Trainingsbeispiele von einer GPU bis zum Cluster
Im examples-Verzeichnis liegen end-to-end Trainingsanleitungen. Basisbeispiele zielen auf 1 bis 8 GPUs: reverse-text trainiert Qwen3-0.6B auf das Umkehren eines kurzen Texts, in wenigen Minuten auf einer Consumer-GPU. wordle trainiert Qwen3-1.7B mit mehreren Turns auf Wordle und benötigt 2 bis 4 H100-GPUs für einige Stunden. alphabet-sort trainiert Qwen3-4B-Instruct-2507 mit mehrrundigem LoRA-RL ohne SFT-Warmup, in gut einer Stunde auf einer H100. wiki-search trainiert Qwen3-4B-Instruct-2507 darauf, Wissensfragen per Wikipedia-Suche zu beantworten. hendrycks-sanity führt einen Kontrolllauf mit DeepSeek-R1-Distill-Qwen-1.5B auf einem gefilterten MATH-Teilsatz durch. Fortgeschrittene Beispiele für 32 bis 2048 GPUs decken Qwen3-30B-A3B auf Mathematik, SWE und Agentenwerkzeugen ab, GLM-4.5-Air auf Suche, SWE und Terminalaufgaben, Nemotron-3-Super-120B auf SWE mit 131k Kontext, MiniMax-M2.5 auf agentischem SWE, die Reproduktion von INTELLECT-3.1 sowie ein Hochdurchsatz-Setup für GLM-5/GLM-5.2 mit P/D-Disaggregation, llm-d-Router und FP8. Die fortgeschrittenen Anleitungen setzen einen Slurm-Cluster voraus und sind laut Hinweis für k8s adaptierbar.

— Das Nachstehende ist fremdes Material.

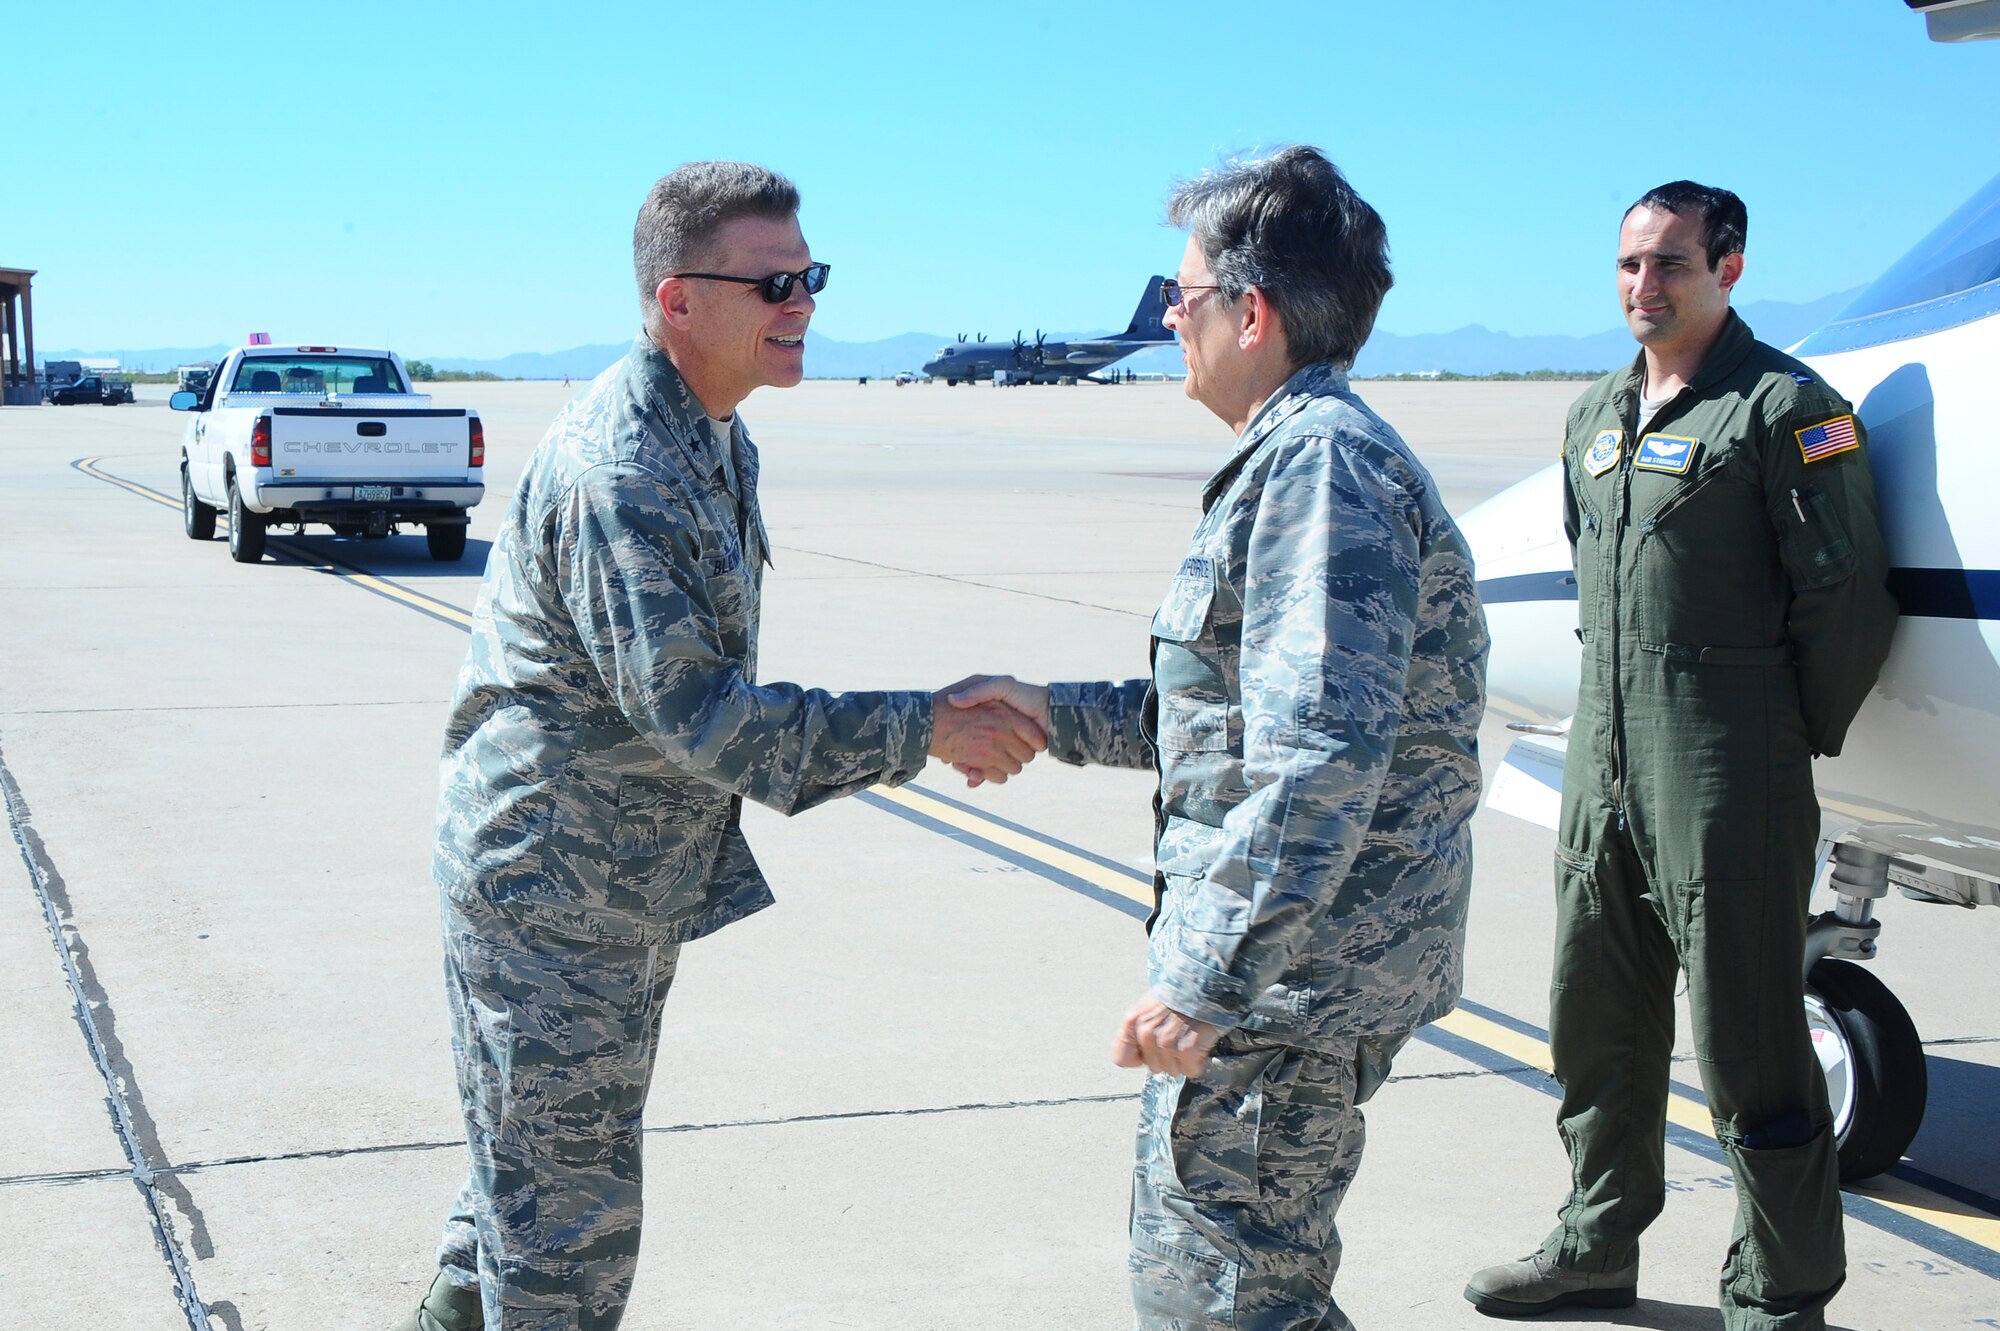 U.S. Air Force Brigadier General Steven Bleymaier, commander of Ogden Air Logistics Complex, greets General Ellen Pawlikowski, commander of Air Force Materiel Command, at Davis-Monthan Air Force Base, Ariz., July 12, 2016. The mission of the Air Force Materiel Command is to 
deliver and support agile war-winning capabilities. (U.S. Air Force photo by Airman 1st Class Mya M. Crosby/Released)

Dokumentation, Beiträge und Lizenz
Das docs-Verzeichnis behandelt Architektur und Installation, TOML-Konfiguration mit CLI-Overrides und Validierung, Training mit Checkpoints und Beobachtbarkeit, Skalierung von einer GPU bis zu Multi-Node mit FSDP/EP/CP und Slurm, Algorithmen inklusive des AIPO-Loss sowie Advantage- und Filter-Plugins, fortgeschrittene Themen wie multimodales Training, LoRA und Multi-Tenant-Training sowie Entwicklungspraktiken wie Testsuite und pre-commit-Hooks. Die Beitragsrichtlinien verlangen die Installation der pre-commit-Hooks, Draft-PRs bis zur Review-Bereitschaft, die Verknüpfung von Issues in der PR-Beschreibung und nach Möglichkeit das lokale Ausführen der Testsuite. Das Projekt ist unter Apache 2.0 lizenziert. Der Lizenzauszug gewährt eine dauerhafte, weltweite, nicht-exklusive, gebührenfreie, unwiderrufliche Urheberrechtslizenz zum Vervielfältigen, Erstellen abgeleiteter Werke, öffentlichen Zeigen, öffentlichen Aufführen, Unterlizenzieren und Verteilen sowie eine Patentlizenz mit Beendigungsklausel bei Patentstreitigkeiten. Der Auszug behandelt weder Gewährleistung noch Support oder Sicherheitsbestimmungen; die README geht darauf ebenfalls nicht ein.
Redaktionelles Fazit
Die README stellt prime-rl als Framework für asynchrones Reinforcement Learning dar, mit einer breiten Modellfamilientabelle, einem Validierungspfad für eine einzelne GPU und fortgeschrittenen Slurm-Beispielen. Die Repository-Metadaten nennen 1.804 Sterne, 380 Forks und 199 offene Issues. Was sich allein aus der README nicht verifizieren lässt: Die Ziele von 1000+ GPUs und 1T+ MoE-Modellen sind Projektangaben, die README enthält keine Benchmark-Ergebnisse.